Rivers' secretary said Friday he is on vacation and could not be reached for comment. Neither Downs nor a spokesman for Barry could be reached for comment yesterday.
In recent months, several problems have plagued Rivers' department, from questions about school drug abuse contracts to a probe of its spending on homeless shelters to a foster home fire where five children died in the care of a wanted felon who was drunk.
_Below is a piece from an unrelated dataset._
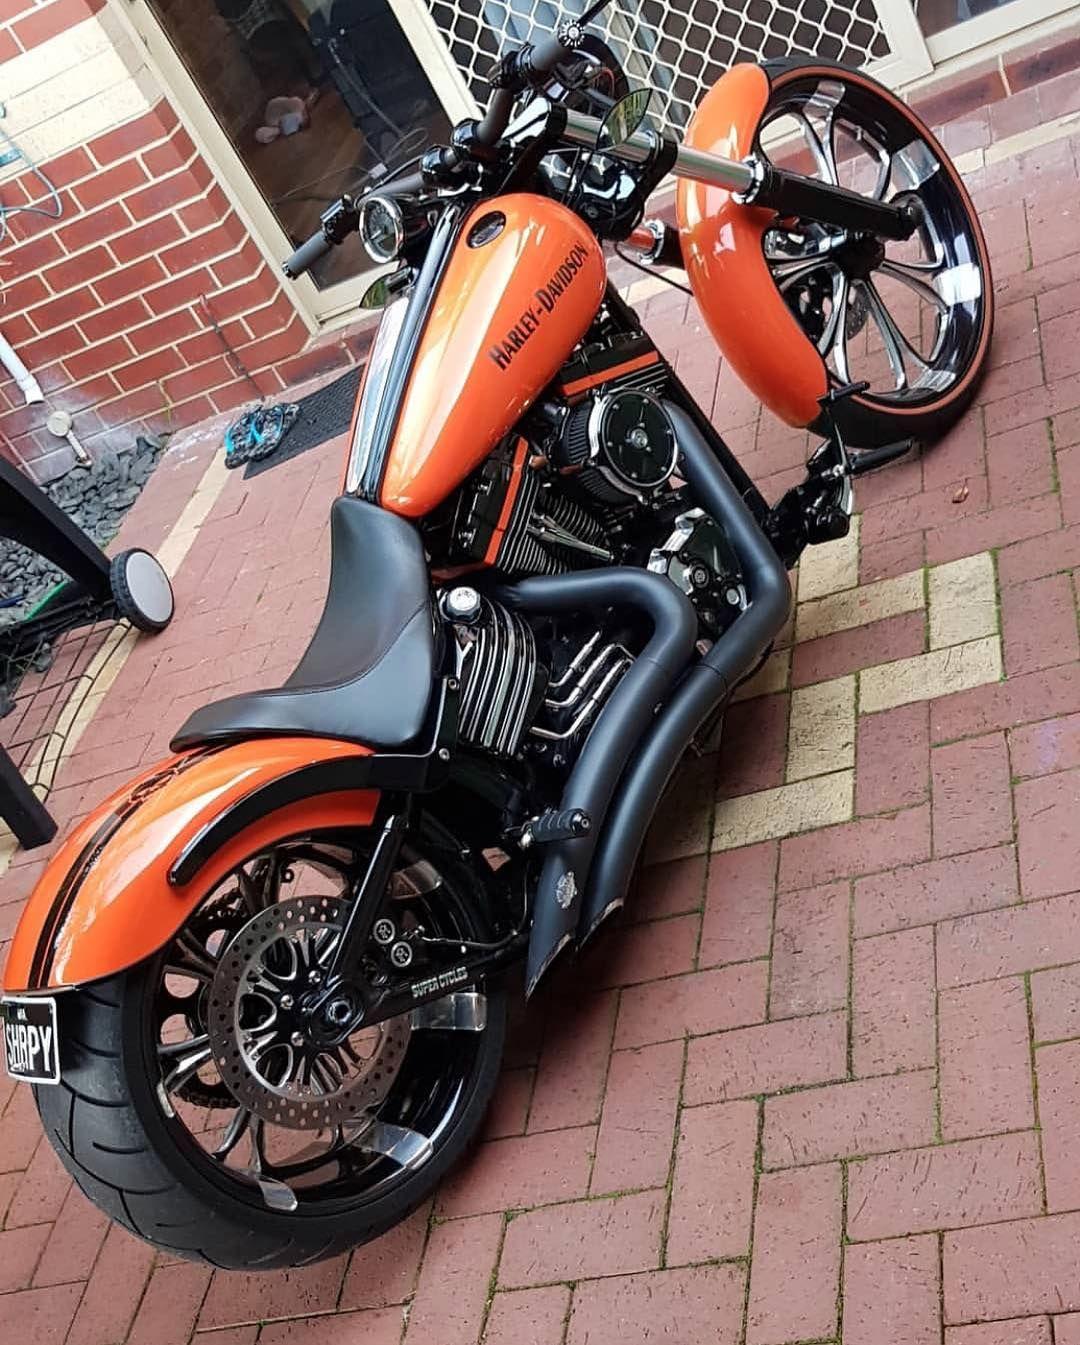 "Australian Harley Scene on Instagram: ""@jantzensharp  #australianharleyscene #harleydavidson #harley #harleydavidsonaustralia #harleysofinstagram #motorcycle #softailheritage…"""
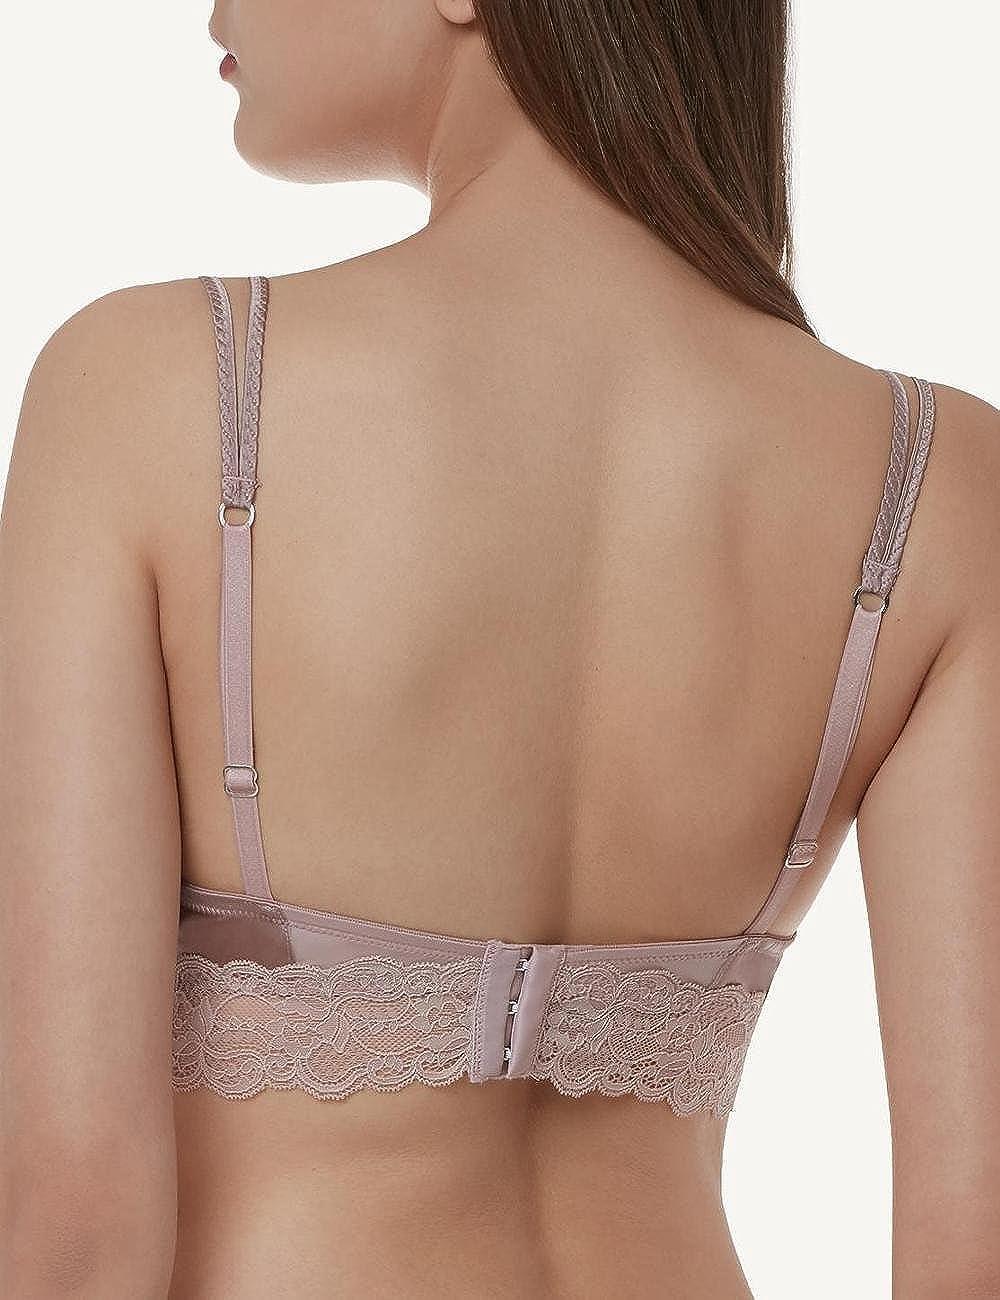 0848f3d538893 Intimissimi Womens Smooth Silk Silvia Push-Up Bra  Amazon.co.uk  Clothing

Throughout these incidents, the mayor indicated he thought Rivers was a good administrator and continued to support him.
In his latest statement, however, Barry said, "The Department knew it had only $500,000 budgeted in overtime and should have requested additional funding and positions to meet this demand."
The employe chosen to direct the troubled youth agency temporarily, Robert Malson, has been a top aide to Rowe since 1983. Prior to joining the District government, he was an associate director of the domestic policy staff in the Carter White House. Malson, a Harvard University Law School graduate, also was counsel to the U.S. Senate Judiciary Committee from 1975 to 1977.